Eighteen-year-old Mae has lived all her life on an island dominated by the wealthy, powerful Prosper family, whose control of the island’s spirits gives them access to aether, a magical, profitable energy source. Mae has been secretly in love with the [End Page 52] black sheep of the family, Miles, for years, but before she knows it, she’s engaged to the embittered heir, Ivo. When an aether spirit turns up dead right before the Prospers’ annual gala, Mae has to choose between conflicting impulses about whom to trust and how far her ambitions reach. Sheltered and restless, intensely curious about the outside world in the Jazz Age, Mae is part Miranda, part Caliban in this reworking of Shakespeare’s The Tempest. She isn’t always likable as her desires war with her habitual subservience and growing awareness of the Prospers’ abuses, but she shouldn’t have to be. Mae isn’t a plucky heroine but a hungry young woman realizing that, exploited though she is, she benefits from a system of colonial oppression.
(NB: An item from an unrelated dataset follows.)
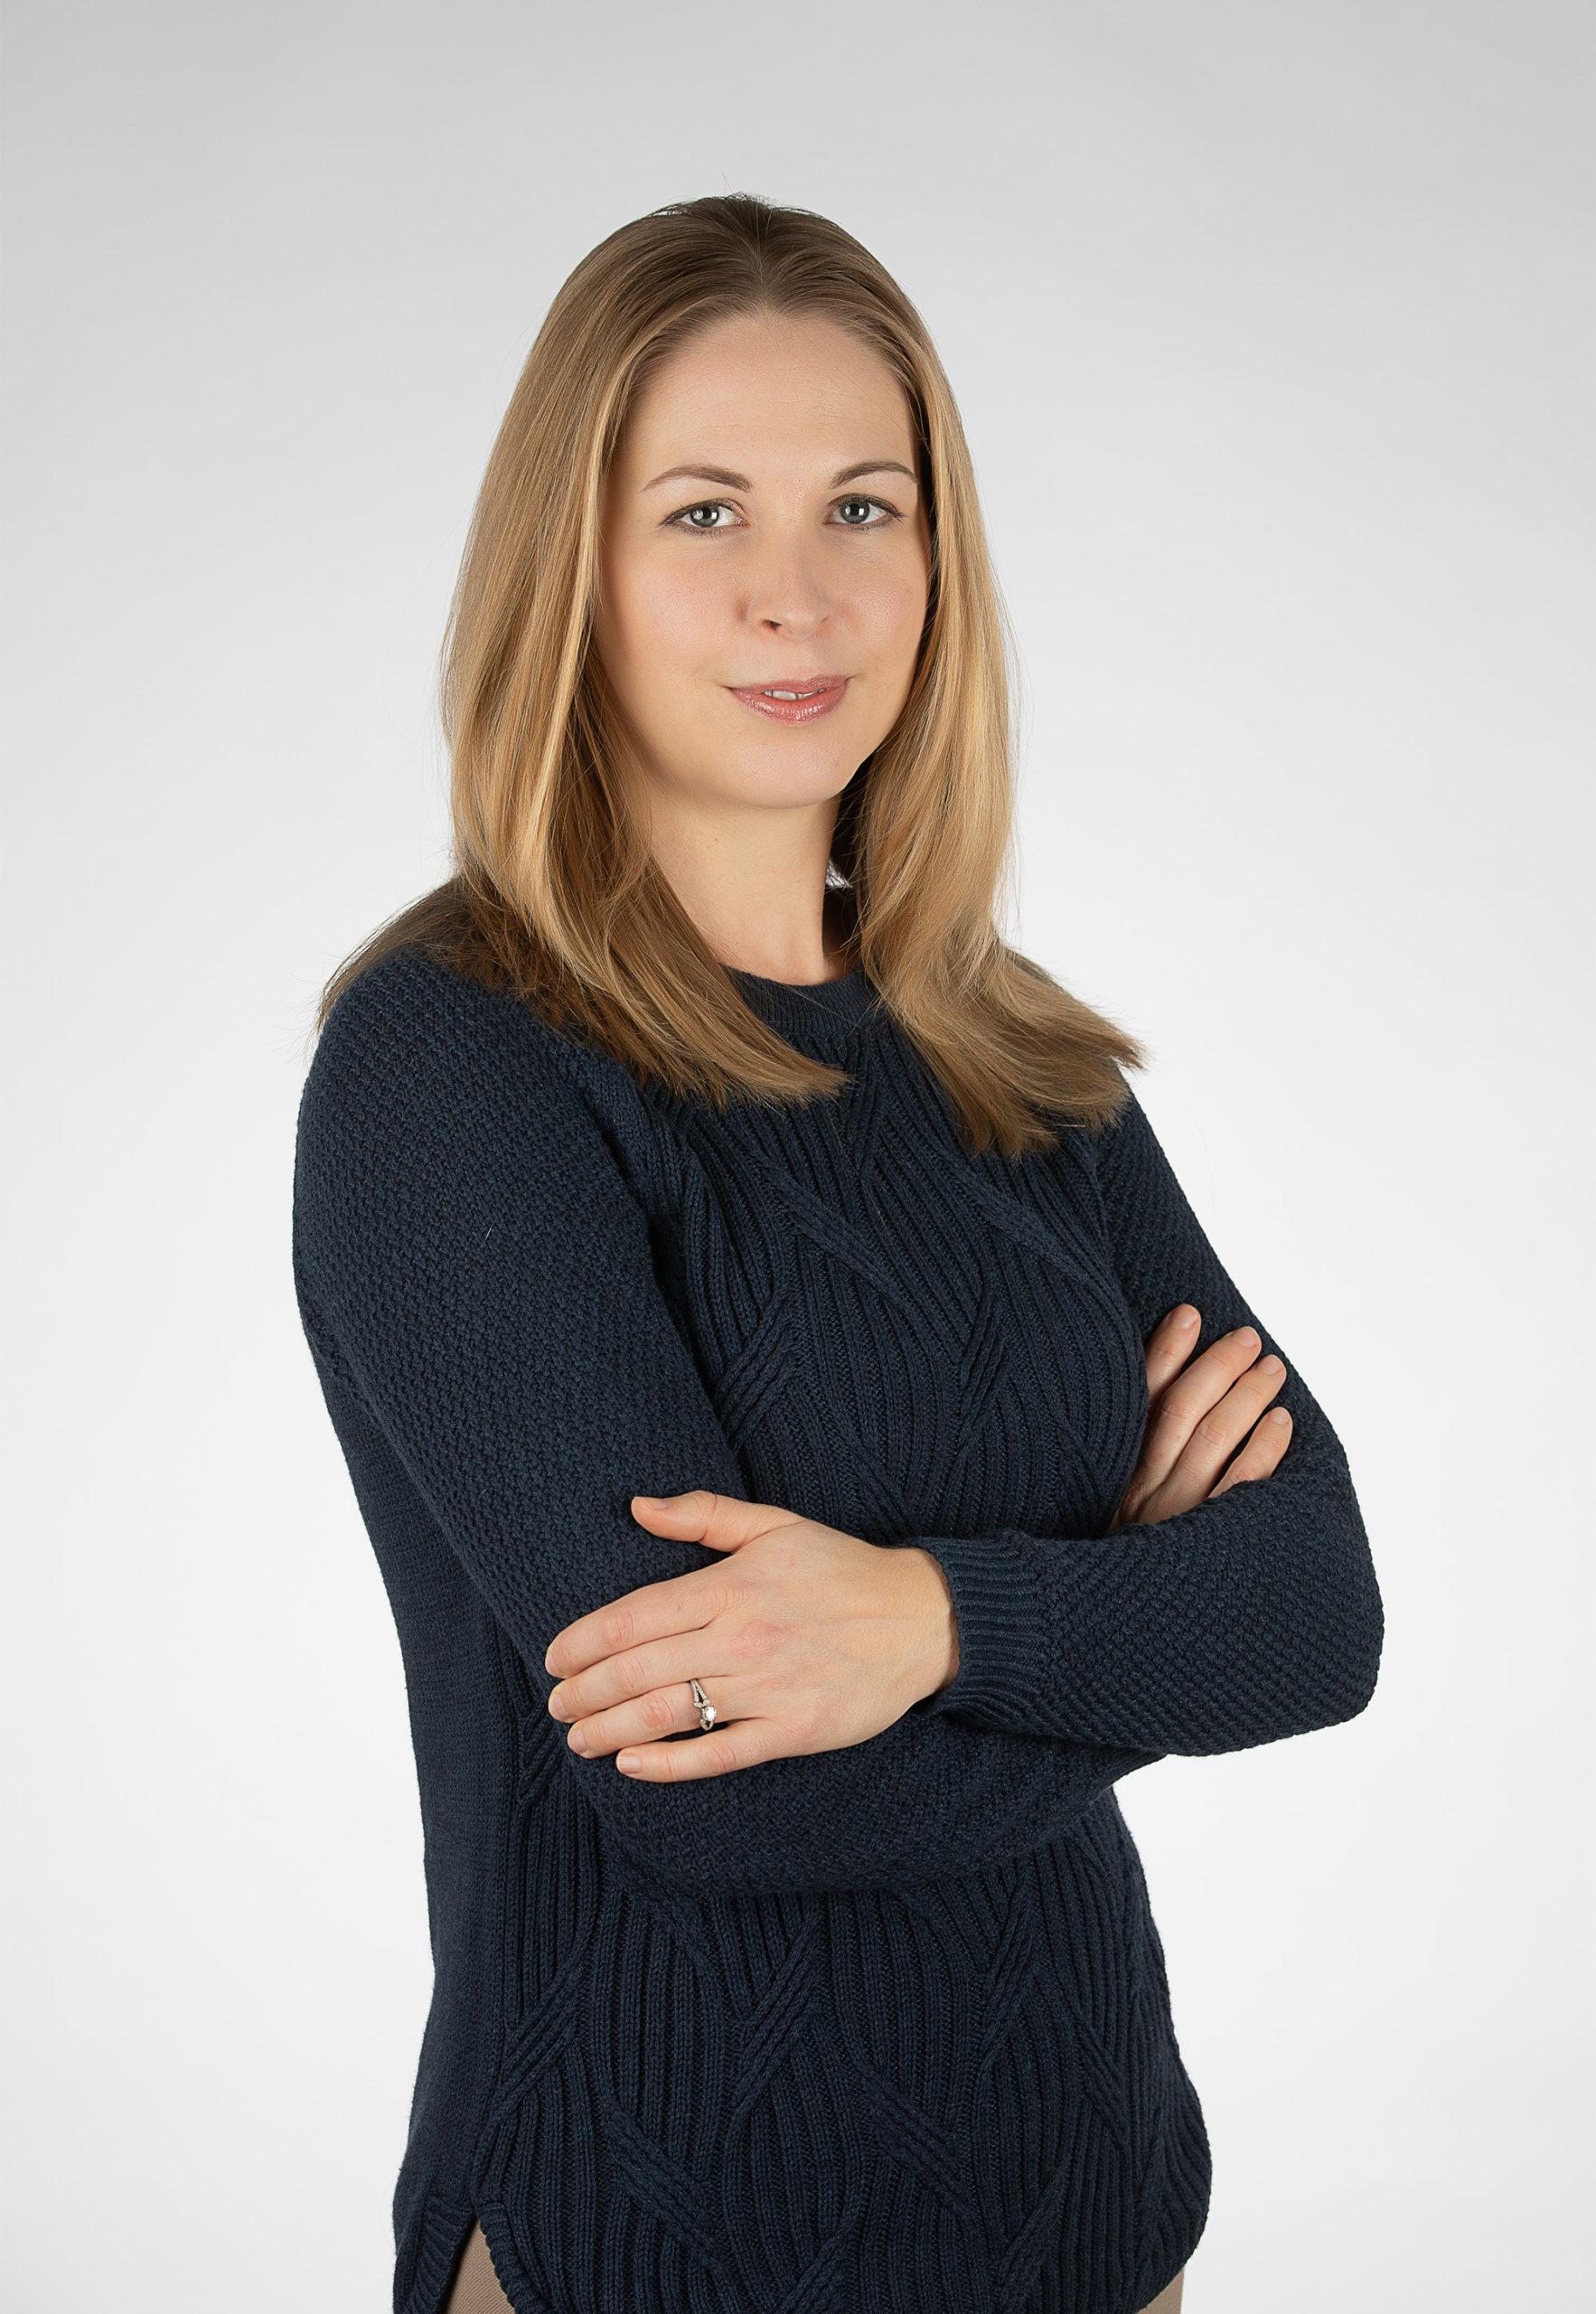 Erika Zink, FMCHC
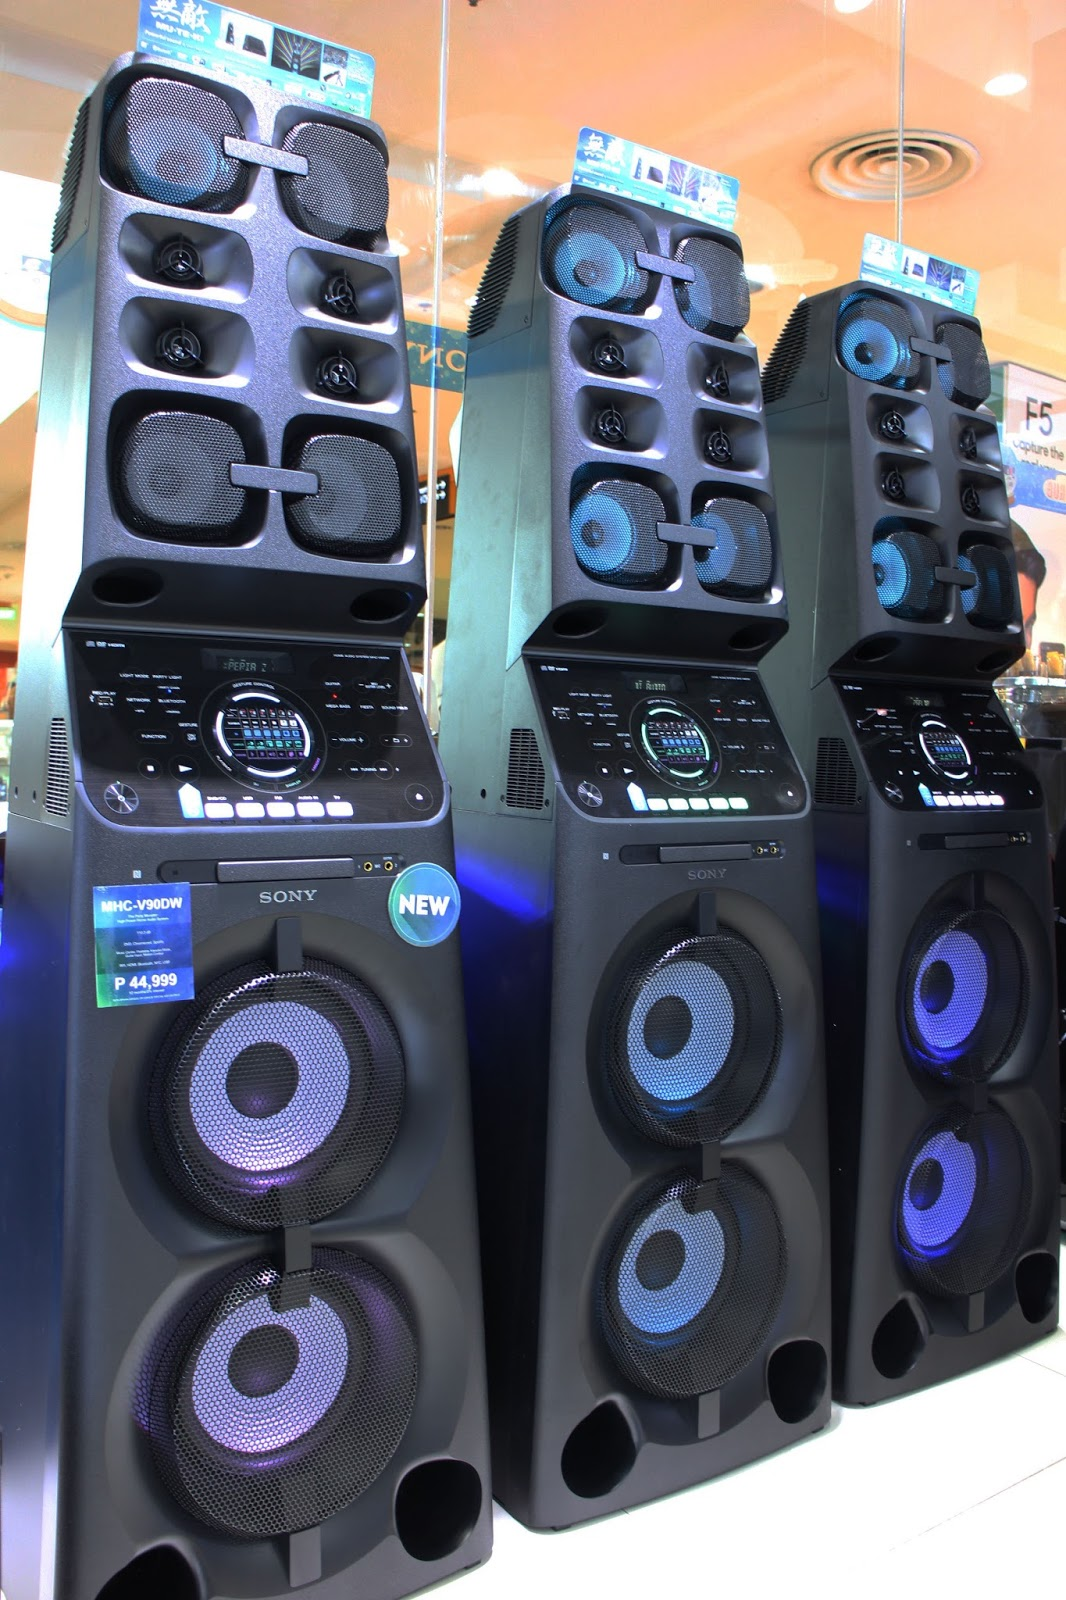 oc craft sony new high power audio system muteki mhc v90dw. Black Bedroom Furniture Sets. Home Design Ideas

Cohoe (A Golden Fury, BCCB 10/20) ably combines a postcolonial reading of The Tempest with the literary tradition of edgy, electric aristocrats and outsiders in London’s 1920s social scene (à la Nancy Mitford and Evelyn Waugh). This will appeal to a broad audience, from fans of Shakespeare to Lockhart’s We Were Liars (BCCB 6/14) to Cooper’s Montmaray Diaries series.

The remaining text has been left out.